• Dataset section:
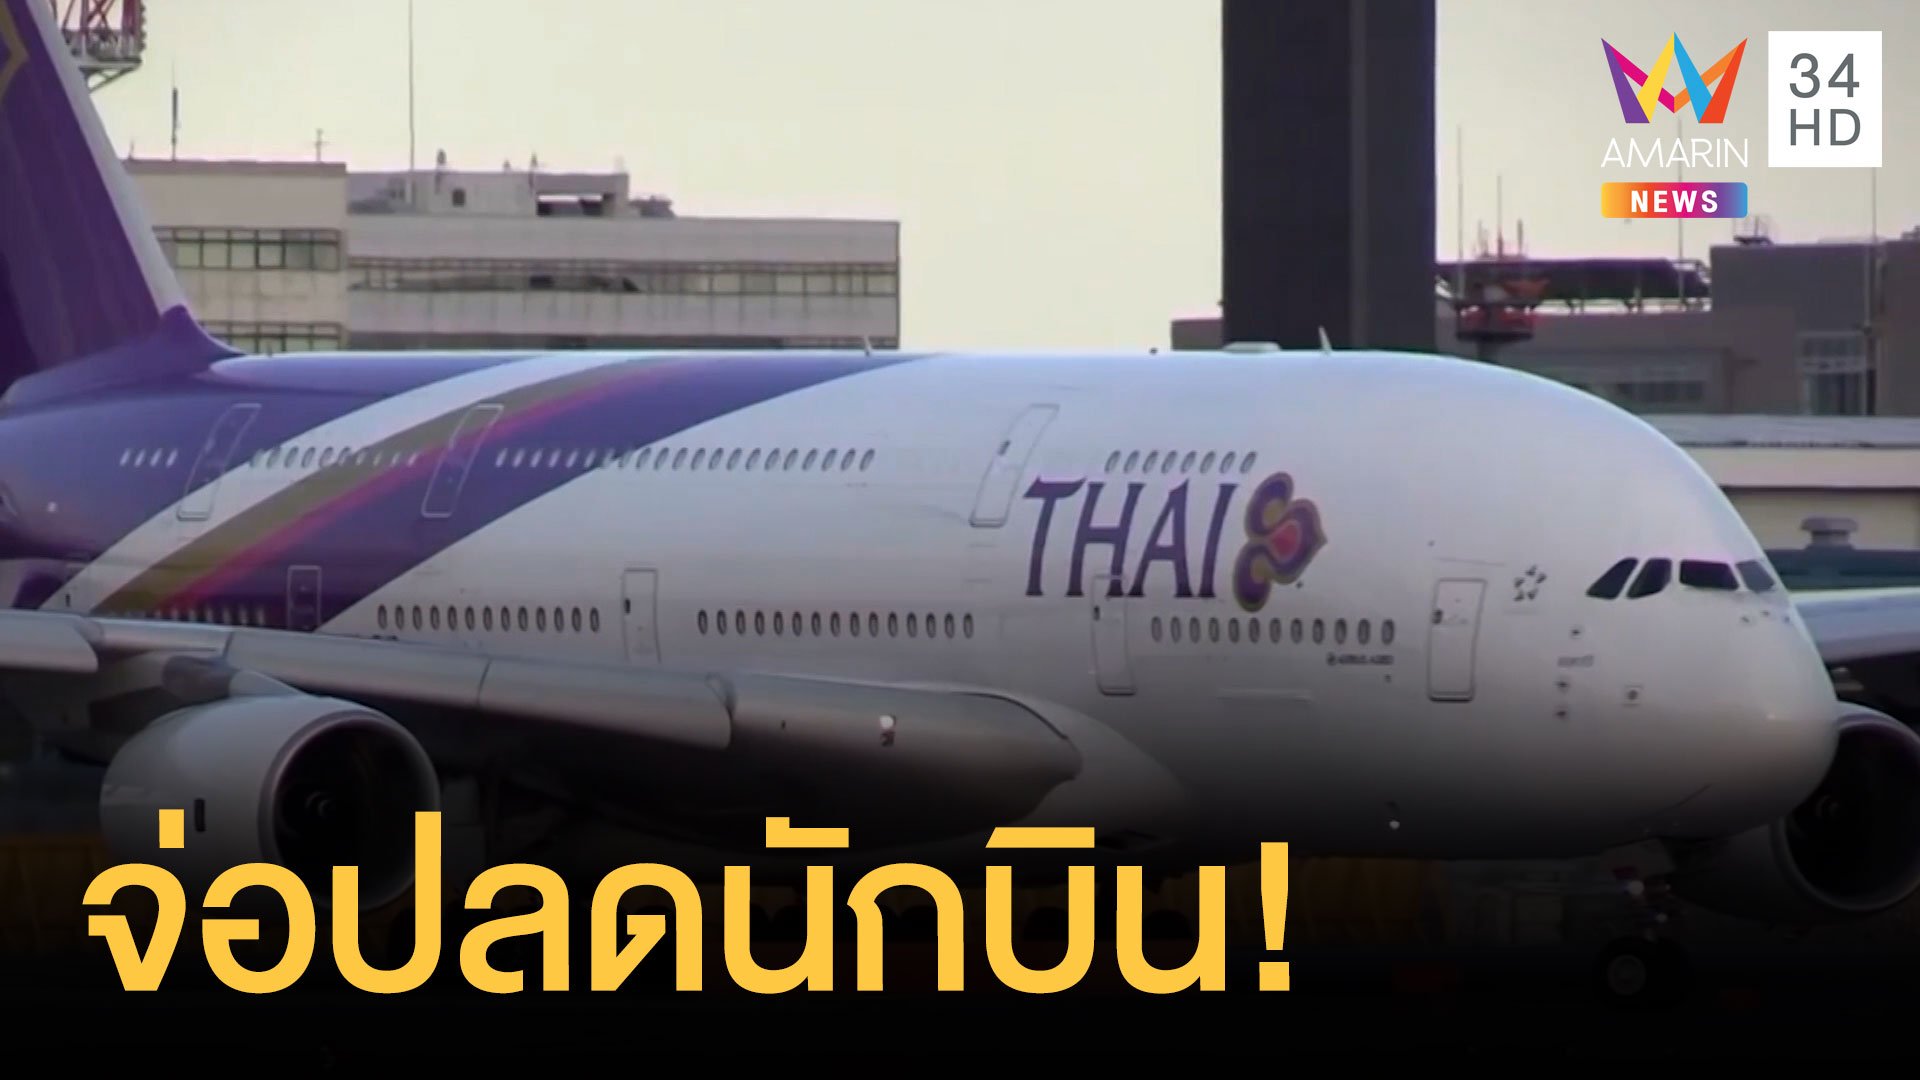 การบินไทยเตรียมปลดนักบิน ลดเงินเดือนพนักงาน | ข่าวอรุณอมรินทร์ | 7 ก.พ. 64 | AMARIN TVHD34
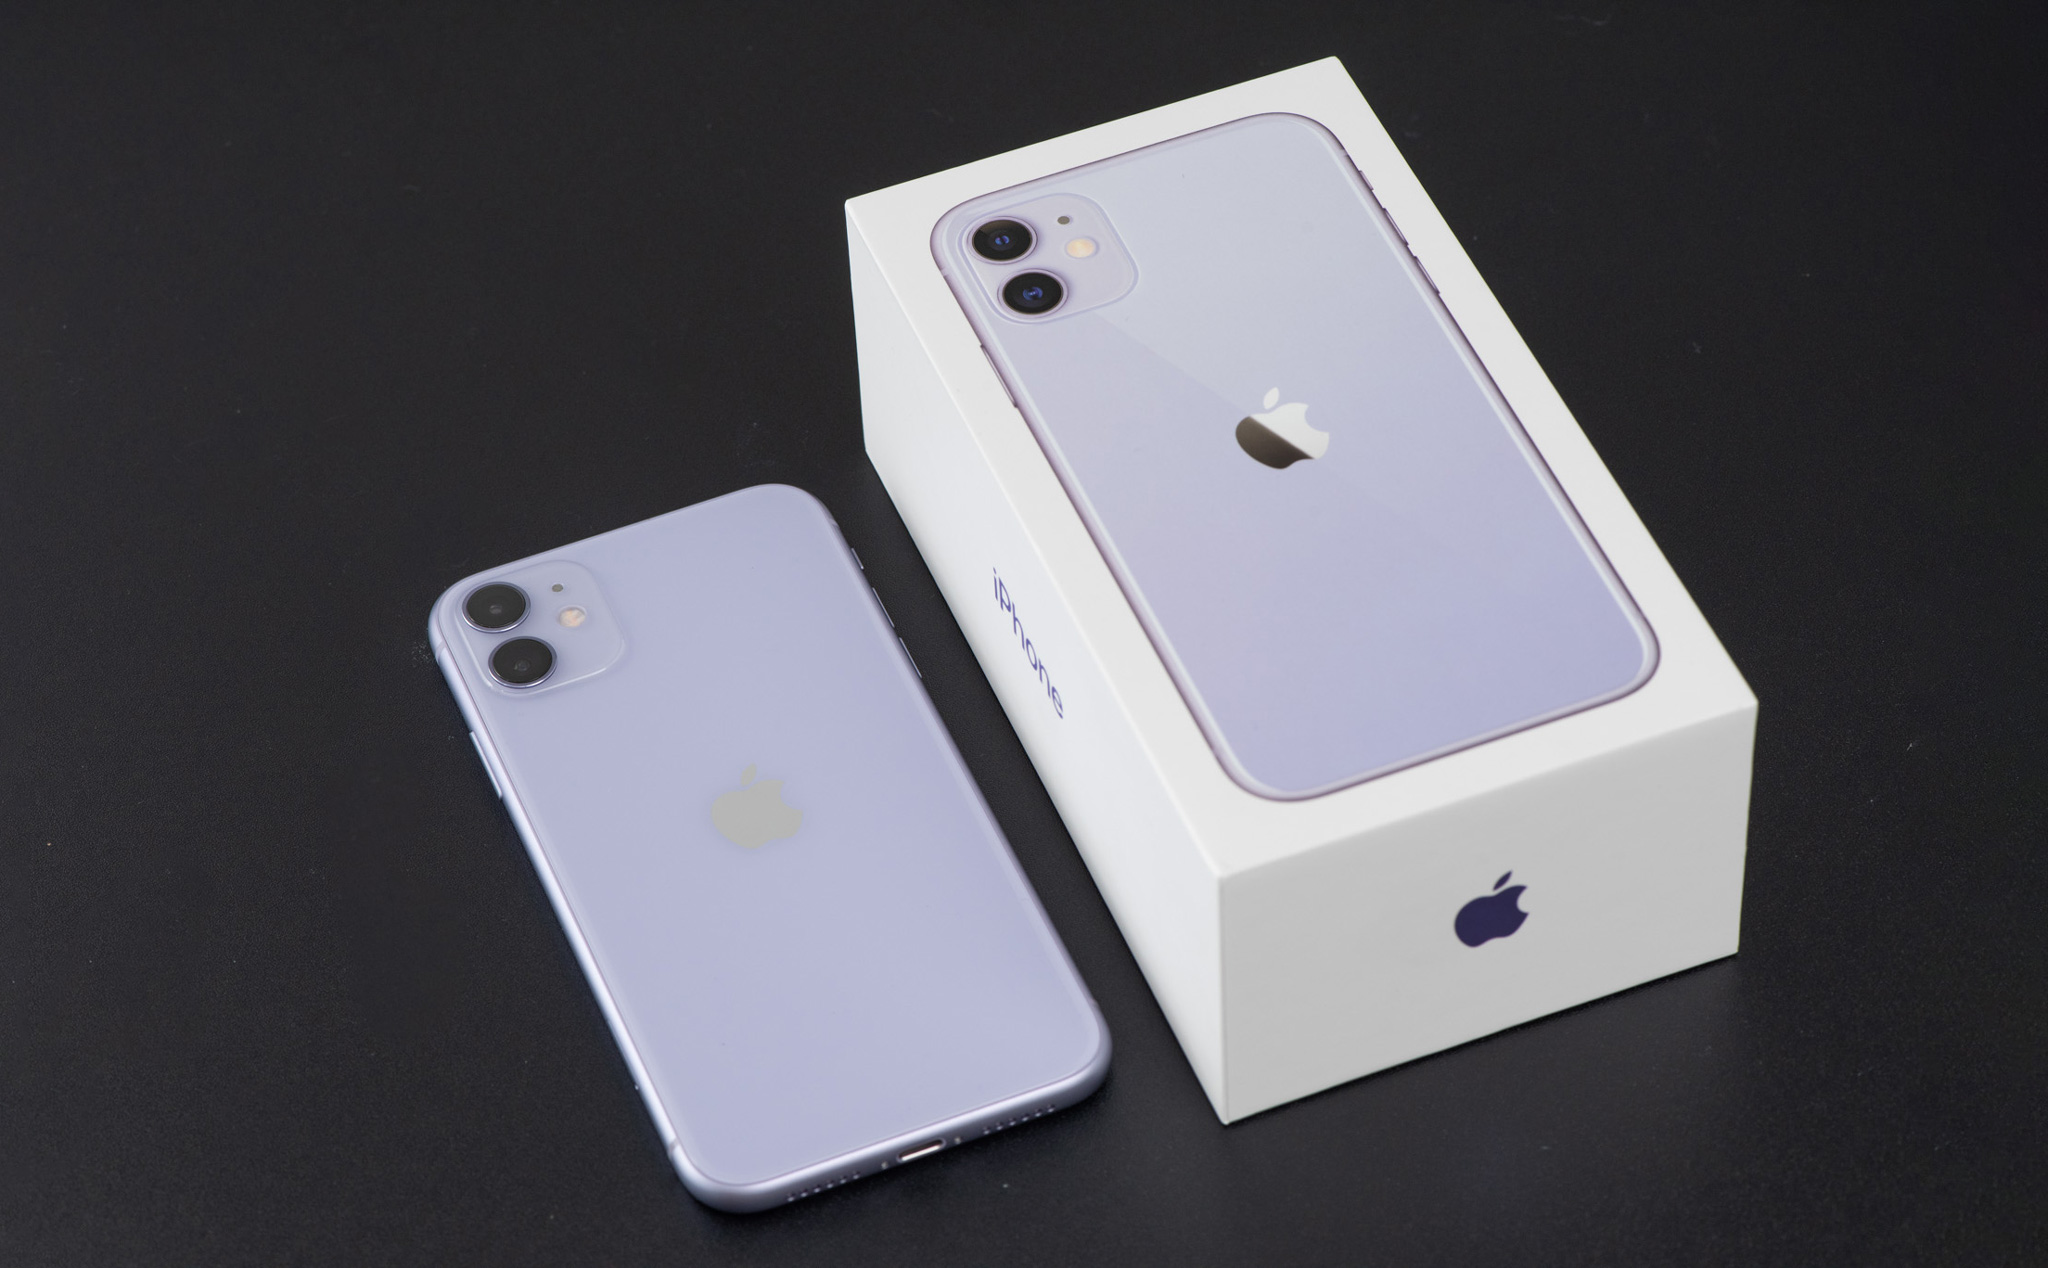 Hãy đến và khám phá bức ảnh iPhone 11 màu tím tuyệt đẹp, mẫu điện thoại được yêu thích nhất của Apple. Với màu sắc sang trọng và cấu hình mạnh mẽ, iPhone 11 màu tím chắc chắn sẽ khiến bạn say mê.
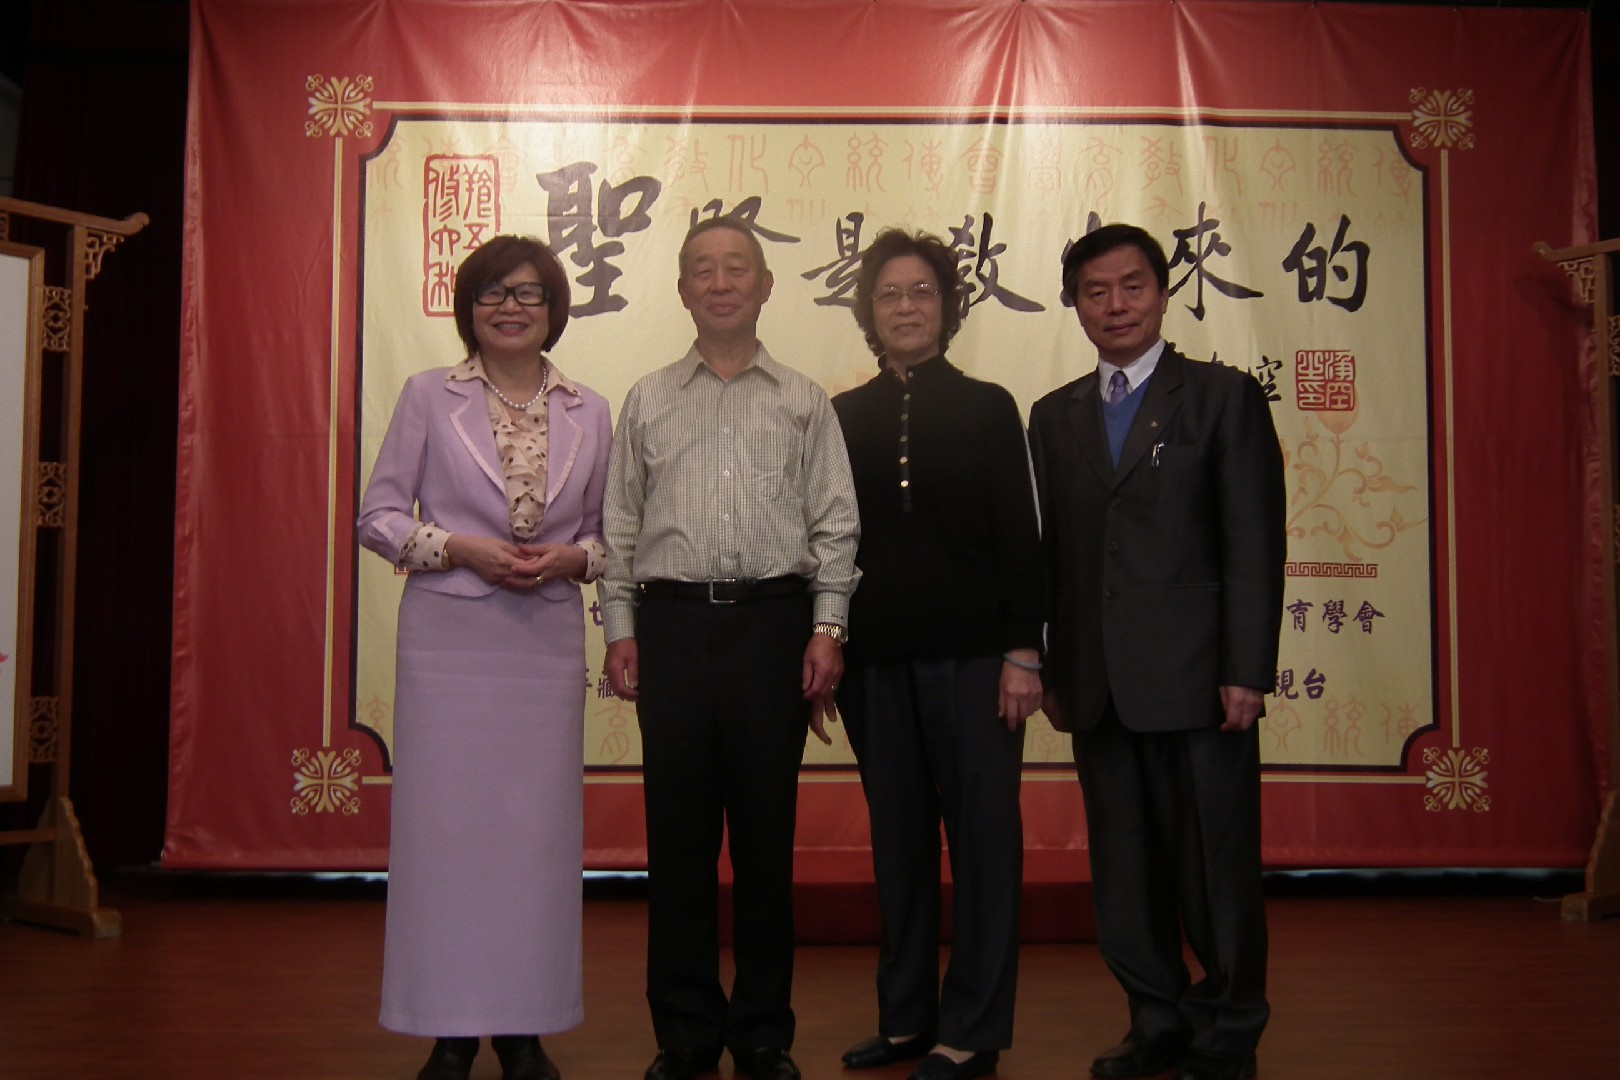 追溯中華文化的命脈 一月八日達拉斯（Dallas）僑民領事夫婦來訪

• Task objective: Restate the material above exactly. Exclude all pictures.

• Written solution:
 การบินไทยเตรียมปลดนักบิน ลดเงินเดือนพนักงาน | ข่าวอรุณอมรินทร์ | 7 ก.พ. 64 | AMARIN TVHD34
 Hãy đến và khám phá bức ảnh iPhone 11 màu tím tuyệt đẹp, mẫu điện thoại được yêu thích nhất của Apple. Với màu sắc sang trọng và cấu hình mạnh mẽ, iPhone 11 màu tím chắc chắn sẽ khiến bạn say mê.
 追溯中華文化的命脈 一月八日達拉斯（Dallas）僑民領事夫婦來訪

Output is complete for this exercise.